The lead pack was filled with high school track runners (you know, the skinny, fast, world hasn’t crushed their soul, running a 5:45 mile with a smile on their face is no problem kind of kids) and a few legit looking racers (of which I guess I can now include myself) as we approached the 1 mile mark. As we climbed up the first short hill (yes…first. The course was rolling hills...and yes I've been training on hills but I hate them in any shape form or fashion) the guy at the mile marker was calling out times. 5:48, 49, 50, 51...wait, did I hear that right?! Am I hitting the first mile of a 5 mile road race on a sub 6 min mile pace?!  Even more incredible…I'm doing it and actually feeling good?! Ok, well I’m going to pay for this later I’m sure. No sooner did the thought to prepare myself for pain cross my mind did 2 of the guys in the lead pack break off to the side and start throwing up. Seems like I'm not the only one pushing hard here.


I hung with the lead group as we went into the second mile...11:56,57,58...holy crap are we running fast! I rarely look down at my Polar GPS for fear I would see the pace or heart rate and think it’s way too face and I should lay off. Rather, I just tried to focus on breathing, an upright body position, staying relaxed and keeping up with the lead group


As we hit the third mile...18:01, 02, 03...the track kids hit another gear and pulled away and I was starting to feel the effort. To be honest I was surprised at how good I felt up until this point. I was running at an effort just below red line and holding it. Harkening back to the conversation I had with Rinny a few days ago, if I could run through the pain I could end up with a good finish. It didn't feel great but it didn't feel like I was at the bottom of the tank either. I just focused on keeping the lead group in sight and running hard. Another runner of the lead group peeled off to throw up. Ha, at least it wasn't me. Seeing guys younger than me falling off and throwing up from the effort…priceless!
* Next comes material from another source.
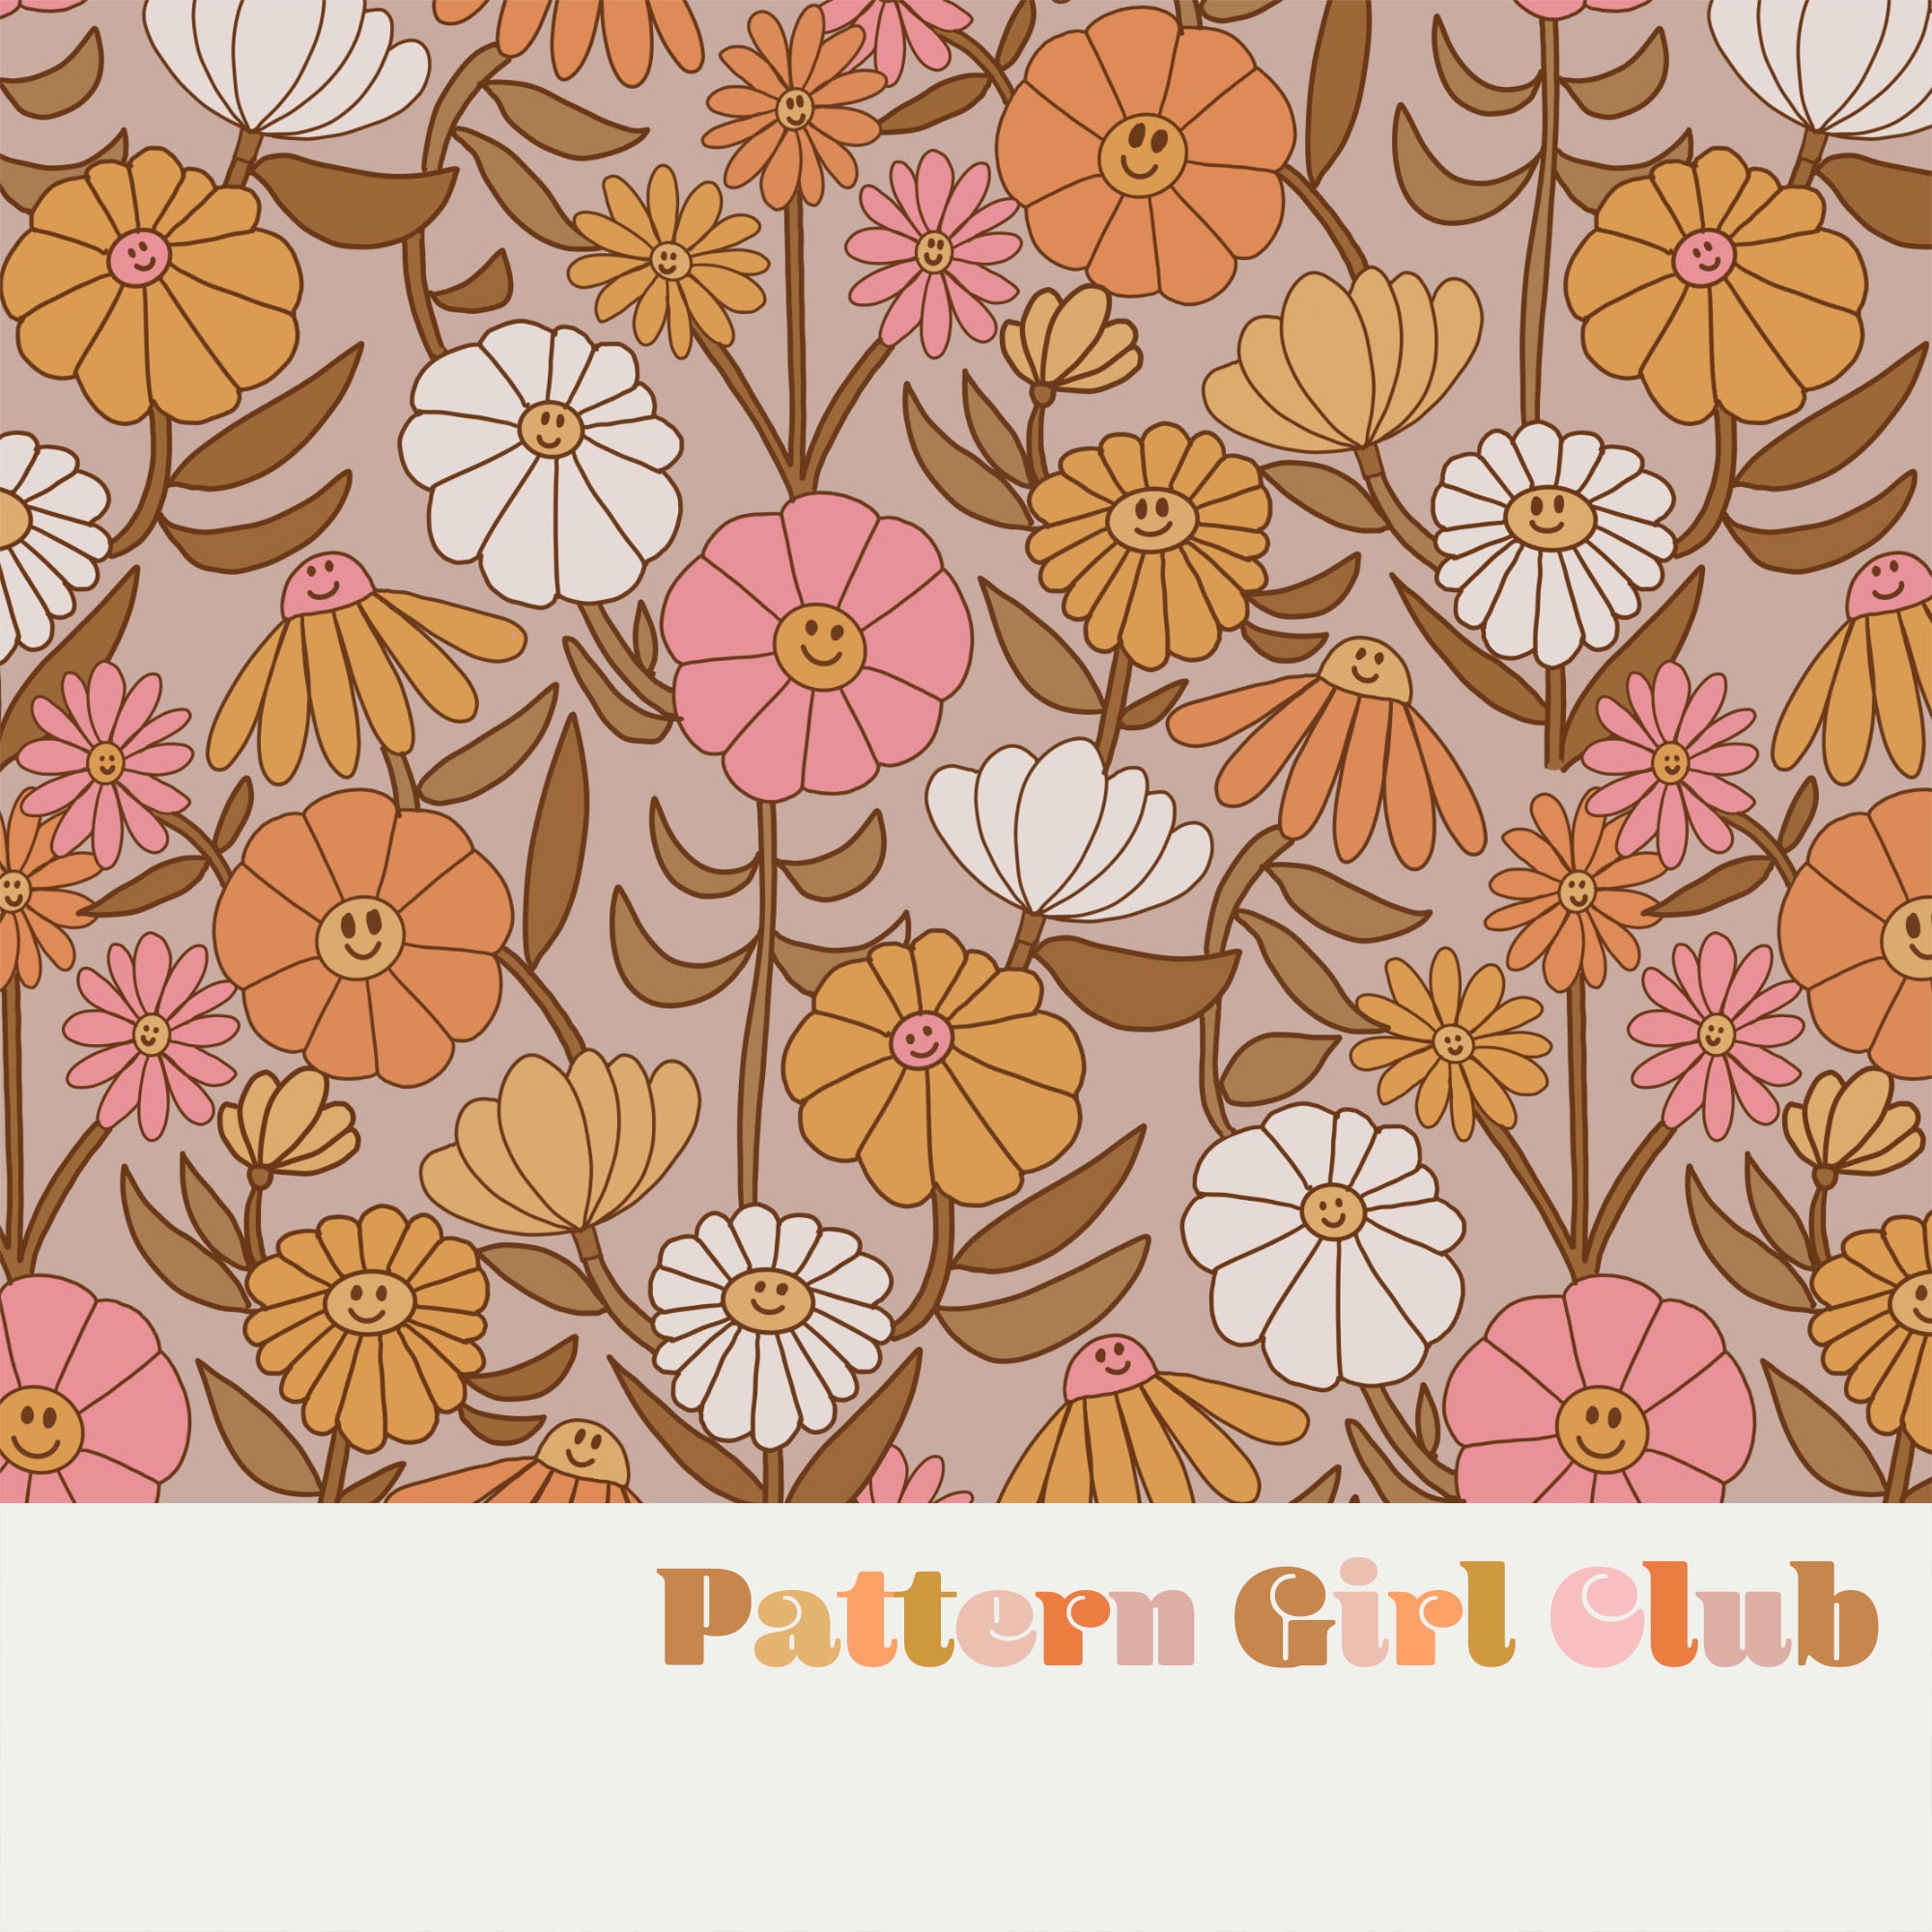 Retro 70s hippie orange flowers seamless pattern Vector Image

The second half of the race seemed to be more windy and hilly course. Nothing I could do but dig in and run faster.

I crossed the four mile mark and couldn't hear the time hacks because my heart was pounding in my ears. What I did know however was that I only had a mile left...so if I had anything in the tank...now was the time to empty it. Pick the guy in front of me (I was very happy that at no point did I get passed) and focus on running him down as we ran to the finish. A couple of quick turns went by, I could see the high school we started at and knew that the end was near. Empty the tank and go, go, go. I didn’t catch the guy in front of me. I closed the distance but needed another hundred meters to catch him and glanced up at the clock as I crossed the line. Wait…did I read that right…did the clock read 33:56?! I can be honest and say that I didn’t think I saw the time correctly because I couldn’t see much well at all. My heart was pounding in my ears and all I could see was those little whisps of light you get from max effort (I’m not the only one who sees those right?). 
 
A deep breath, some Coke and I looked down at my watch to see that was indeed my finishing time. I ran almost the whole race at max effort to include a 200 beat per minute heart rate I held for the last 1/2 mile. Then is when the pain set in. I felt like I just got hit by a truck! But the pain was the best I’d felt in a while because I realized I just took 3 minutes of my 5 miler PR and I finished high overall. How high? Even better than I thought...17th overall with 3rd in my age group. I had a great effort, result, placing AND I got to take home a trophy. That was a good race day…especially considering I didn’t decide to even race until about 90 minutes before the race started! What does a grown man do with a trophy? I display the hell out of it…I earned it!